→ Work request
Below are records; reproduce exactly the lines from the one that has "West Footscray Fusebox - A. Doylel" through the one that has "50 Marvel Vs", ends included, and nothing more.

→ Dataset records
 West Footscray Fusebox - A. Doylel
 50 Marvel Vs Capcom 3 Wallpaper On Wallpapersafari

---

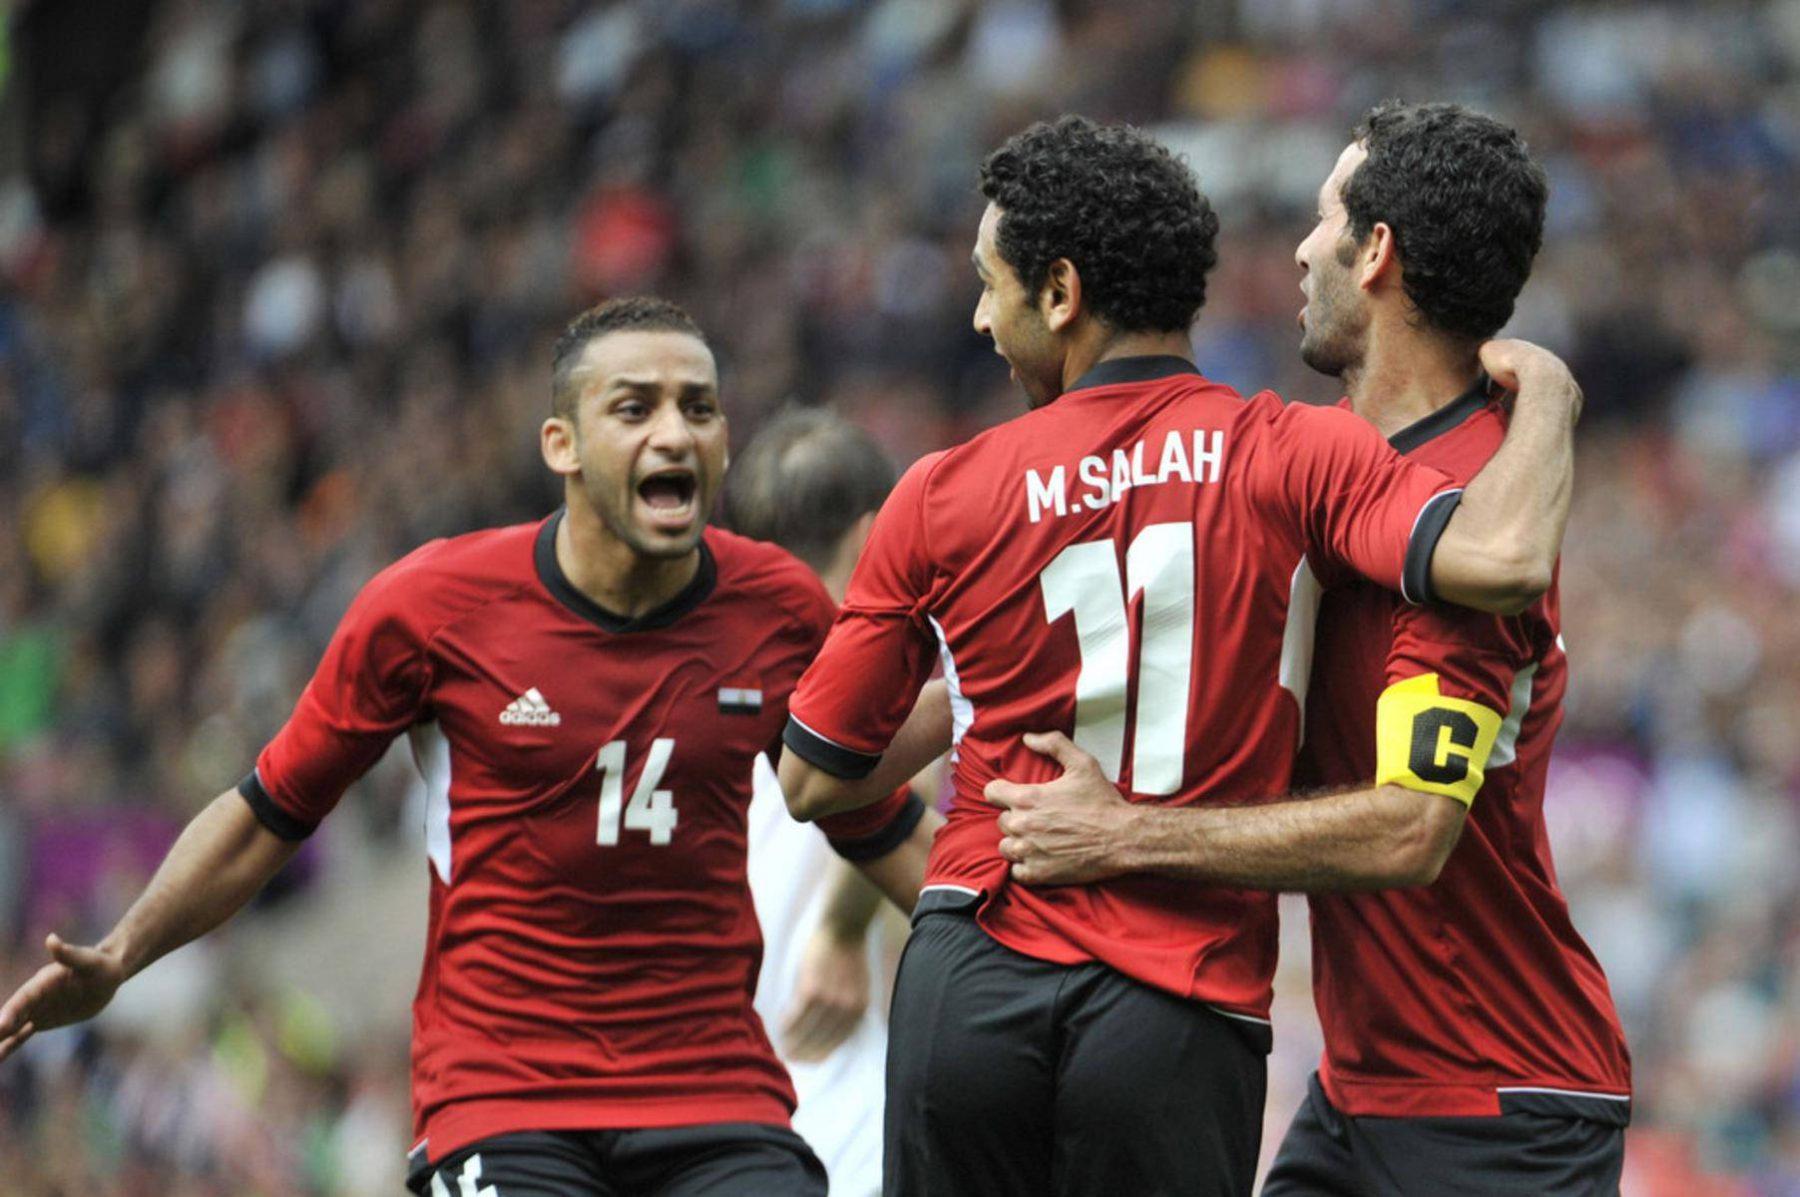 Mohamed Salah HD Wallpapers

→ Response for this exercise
 West Footscray Fusebox - A. Doylel
 50 Marvel Vs Capcom 3 Wallpaper On Wallpapersafari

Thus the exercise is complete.